* [Assignment]:
Below are entries; copy exactly the lines from the one with "Dieser Anhänger wurde" through the one with "Der Schirm ist", both included, and leave out the rest.

* [Data records]:
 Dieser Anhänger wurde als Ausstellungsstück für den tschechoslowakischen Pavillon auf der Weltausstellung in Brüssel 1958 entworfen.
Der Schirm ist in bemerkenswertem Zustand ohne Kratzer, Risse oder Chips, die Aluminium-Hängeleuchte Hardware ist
--
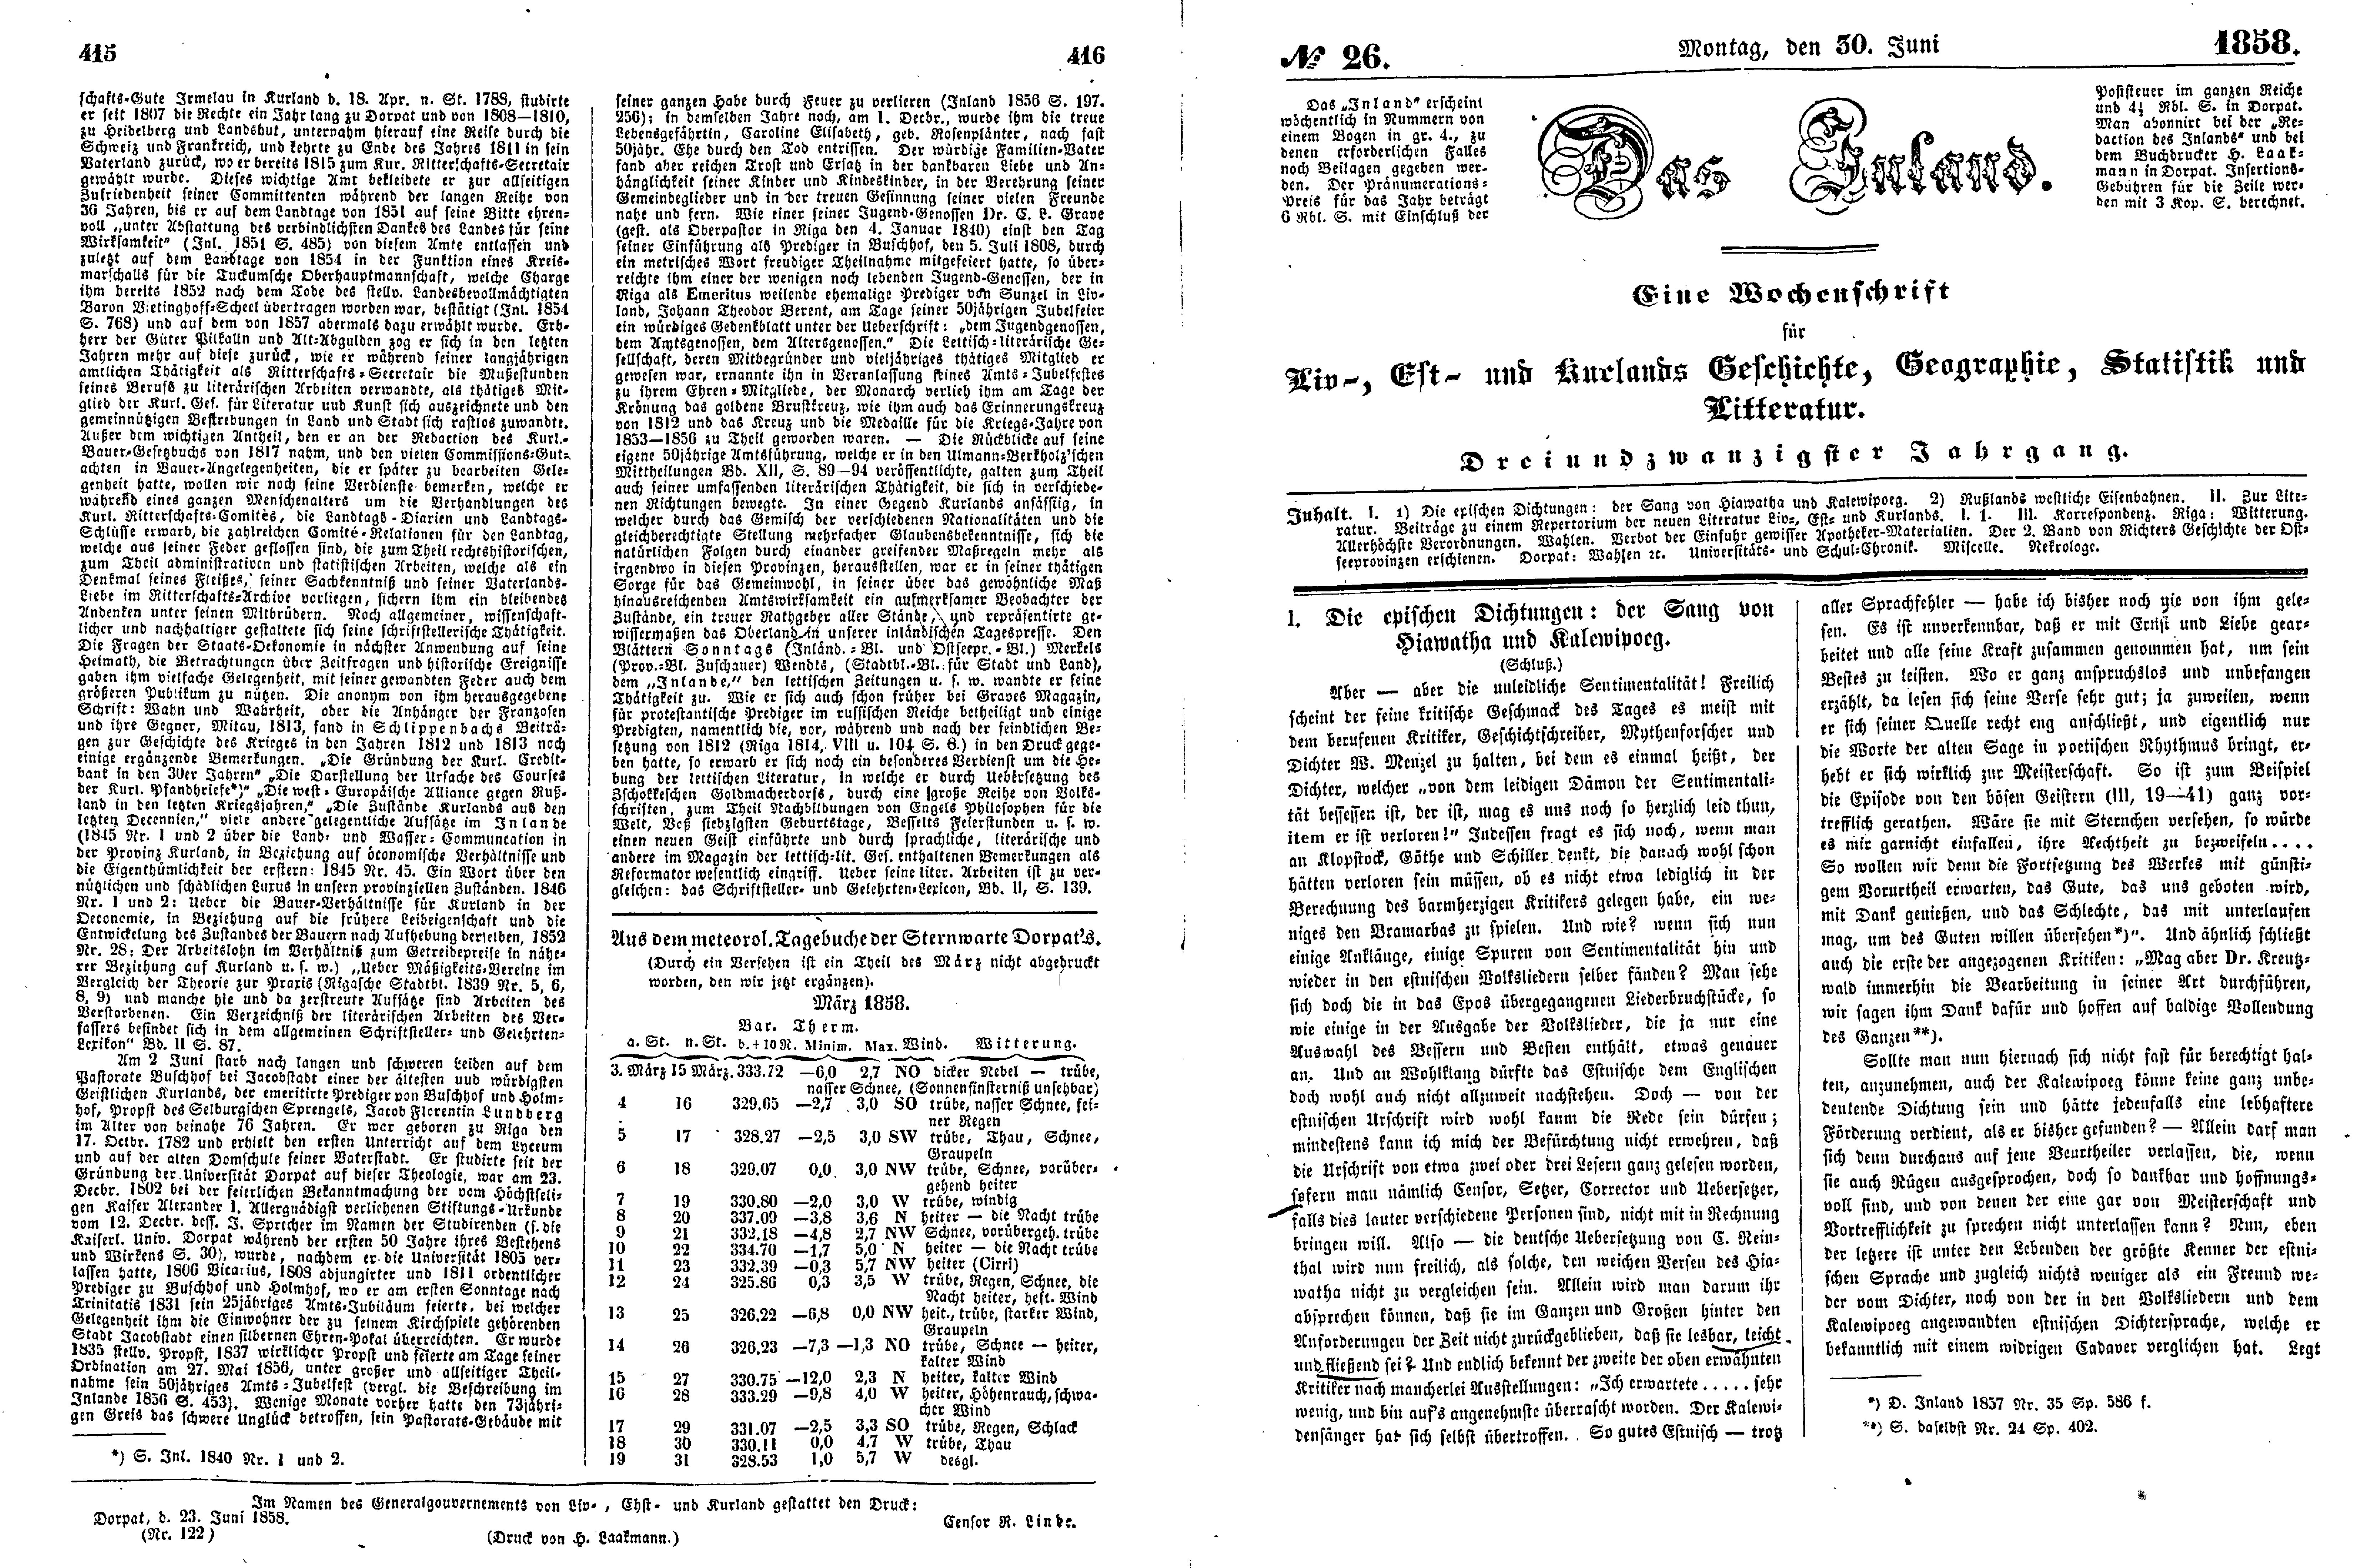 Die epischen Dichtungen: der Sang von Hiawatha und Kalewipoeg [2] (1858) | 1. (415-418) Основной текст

* [Expected output]:
 Dieser Anhänger wurde als Ausstellungsstück für den tschechoslowakischen Pavillon auf der Weltausstellung in Brüssel 1958 entworfen.
Der Schirm ist in bemerkenswertem Zustand ohne Kratzer, Risse oder Chips, die Aluminium-Hängeleuchte Hardware ist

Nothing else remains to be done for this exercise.